Tuesday, February 10, 2009

Is your organization ready for an internal cloud?

I'm going to take a post off from the "-ilities" discussion (Disaster Recoverability will be up next) and spend a little time talking about the technical and organizational challenges that many Fortune 1000 companies will face in their move to an internal cloud computing infrastructure.

Since I've lived through a number of these customer engagements over the past few years I thought I'd write up my cheat sheet that basically outlines the things that you need to be aware of and get worked out in your organization before you embark on a move to cloud computing. If you don't pay attention to these, I predict you'll be frustrated along the way by the organizational tension that a move such as this will cause.

Internal clouds are a game-changer on the economics front for companies that have large investments in IT. Creating a cloud-style architecture inside your own data center allows the company to unlock the excess capacity of their existing infrastructure (often locked into vertical stovepipes supporting specific applications.) Once this excess capacity is released for use within the IT environment, the company can then decrease their capital purchasing until the newfound capacity is consumed by new applications. In addition to the capital savings as a result of not having to purchase new hardware to run new applications, there are substantial power savings to the company as well, since the excess capacity is no longer powered up all the time, and is instead brought online only when needed.

Now, this sounds like motherhood and apple pie to me. Who wouldn't want to move to an IT environment that allowed this type of flexibility/cost savings? Well, it turns out that in many large companies the inertia of "business as usual" gets in the way of making this type of transformational change, even if they could see huge benefits in the form of business agility and cost savings (two things that almost everyone is looking for in this current economy to make them more competitive than the next guy).

If you find yourself reading the list below and going "no way, not in my company," then I'd posit that while you may desire the virtues of cloud computing, you'll really struggle to succeed. The limits you'll be placing on the solution due to the organizational issues will mean that many of the virtues of a cloud approach will be lost (I'll try to call out a few while I walk though the list to give you an idea of the trade-offs involved).

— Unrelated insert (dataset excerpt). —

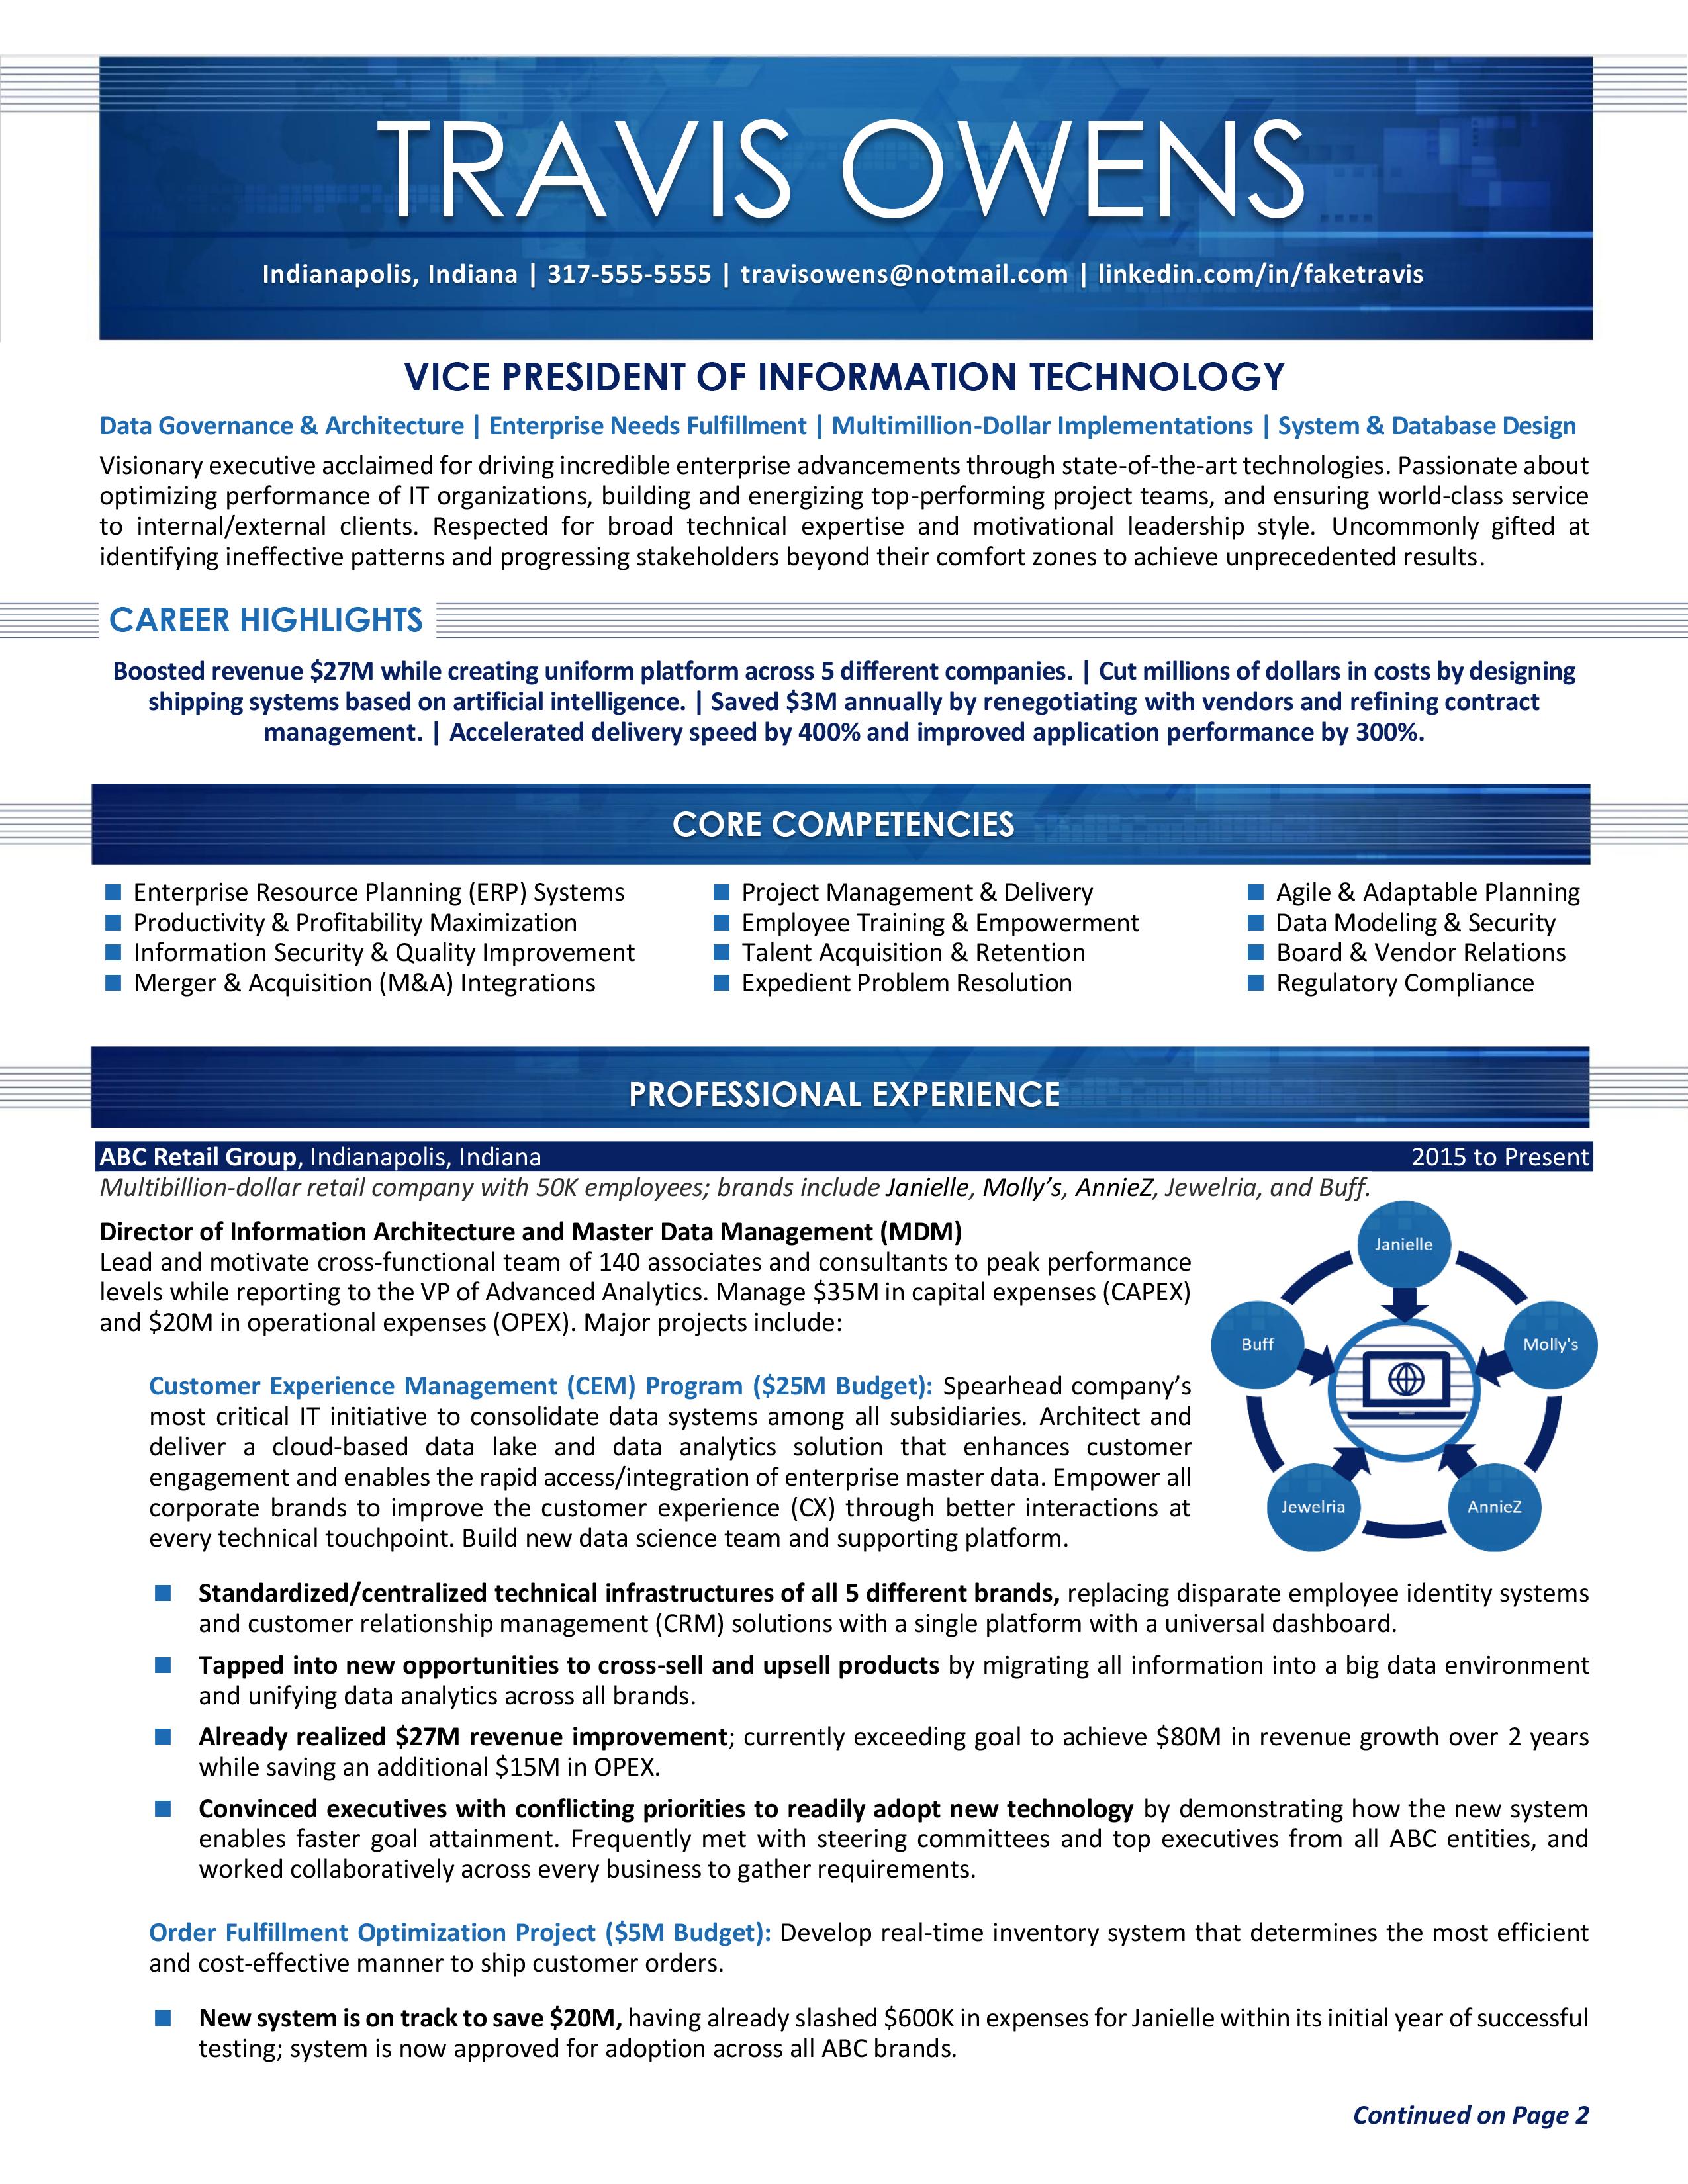 Vice President Of Information Technology Resume Sample Resume Executive Resume Resume Services
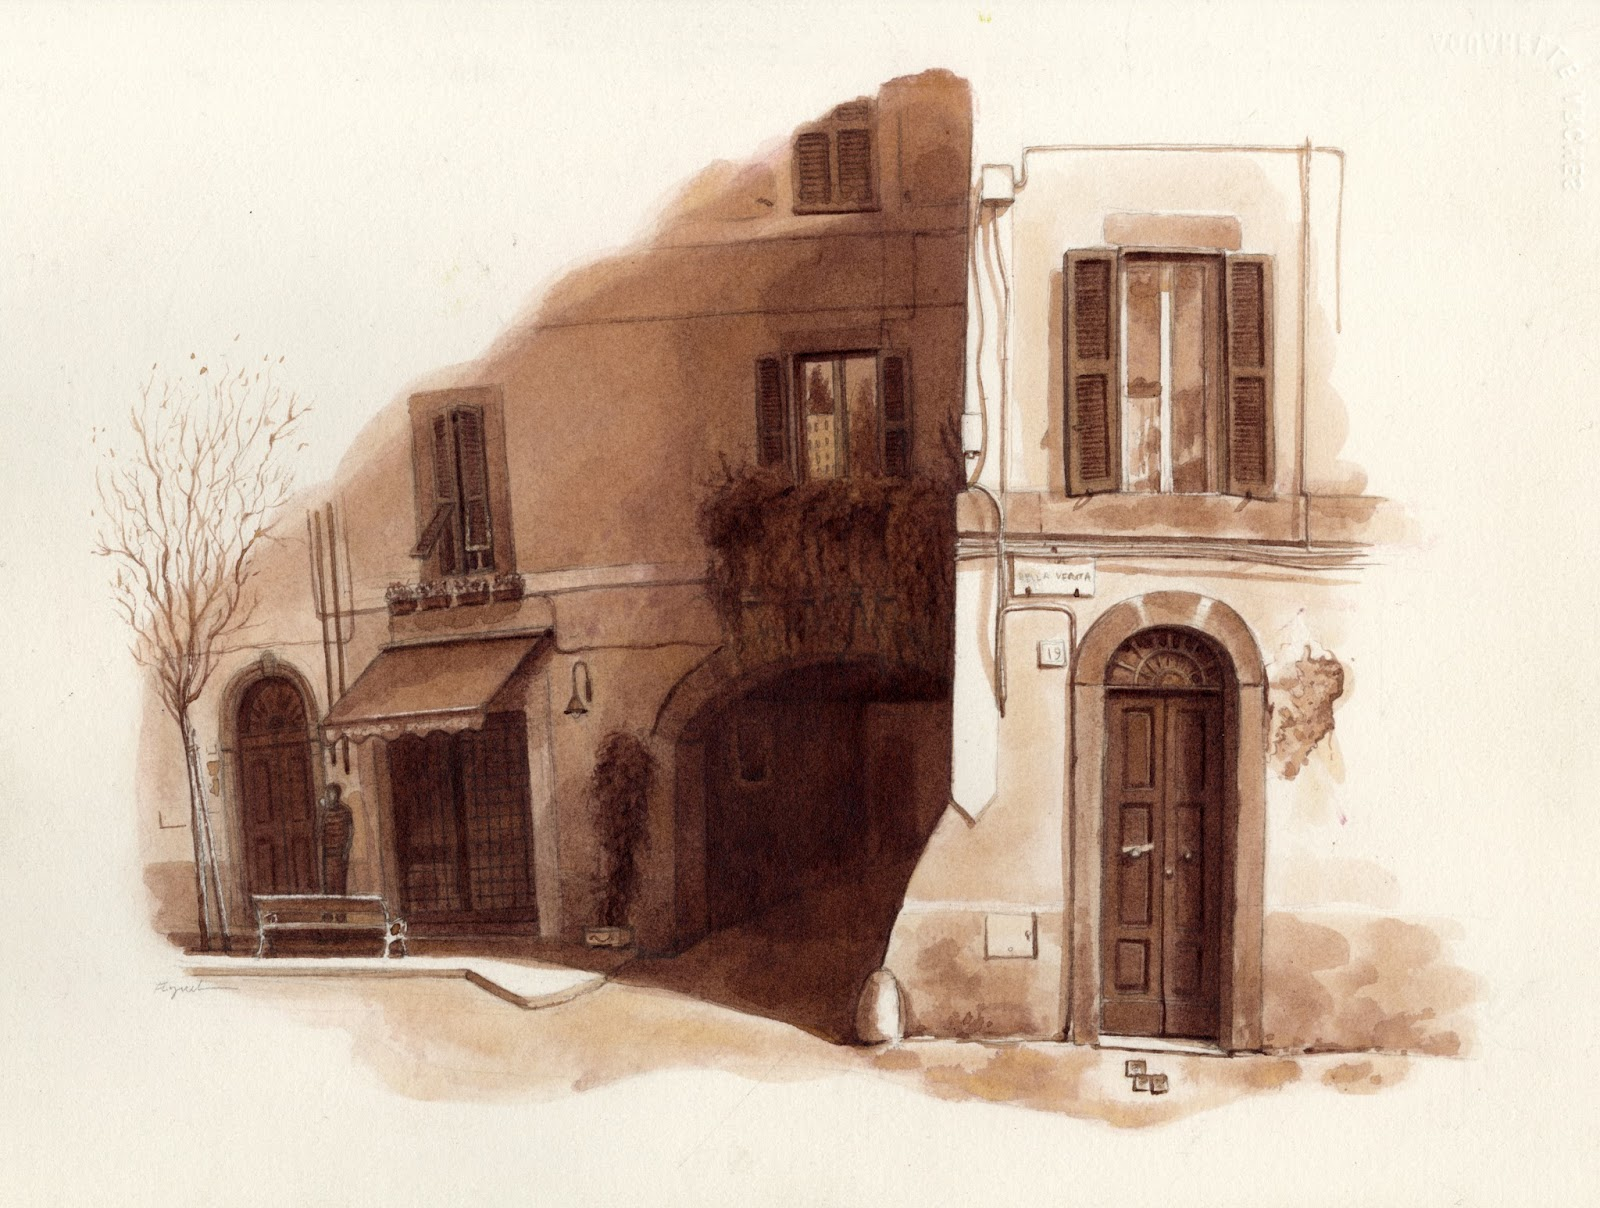 Stumbling Stones | Urban Sketchers

What you’ll need to be successful at internal cloud computing:
Organizational willingness to embrace change. To fully adopt an internal cloud infrastructure, the system, network, and storage admins -- along with application developers -- are all going to have to work together as each group brings their specialty to bear on the hosting requirements of the application being deployed into the cloud. Also, if your organization likes to know exactly where an application is running all the time then cloud computing is only going to be frustrating. In cloud computing, the environment is continually being monitored and optimized to meet the business needs (we call them service-level agreements in Cassat Active Response.) This means that while at any point in time you can know what is running where, that information is only accurate for that instant. Why? In the next instant, something may have failed or an SLA may have been breached, causing the infrastructure to react, changing the allocation of applications to resources. Bottom line, be willing to embrace change in processes, policies, roles and responsibilities or you'll never be successful with a cloud computing solution.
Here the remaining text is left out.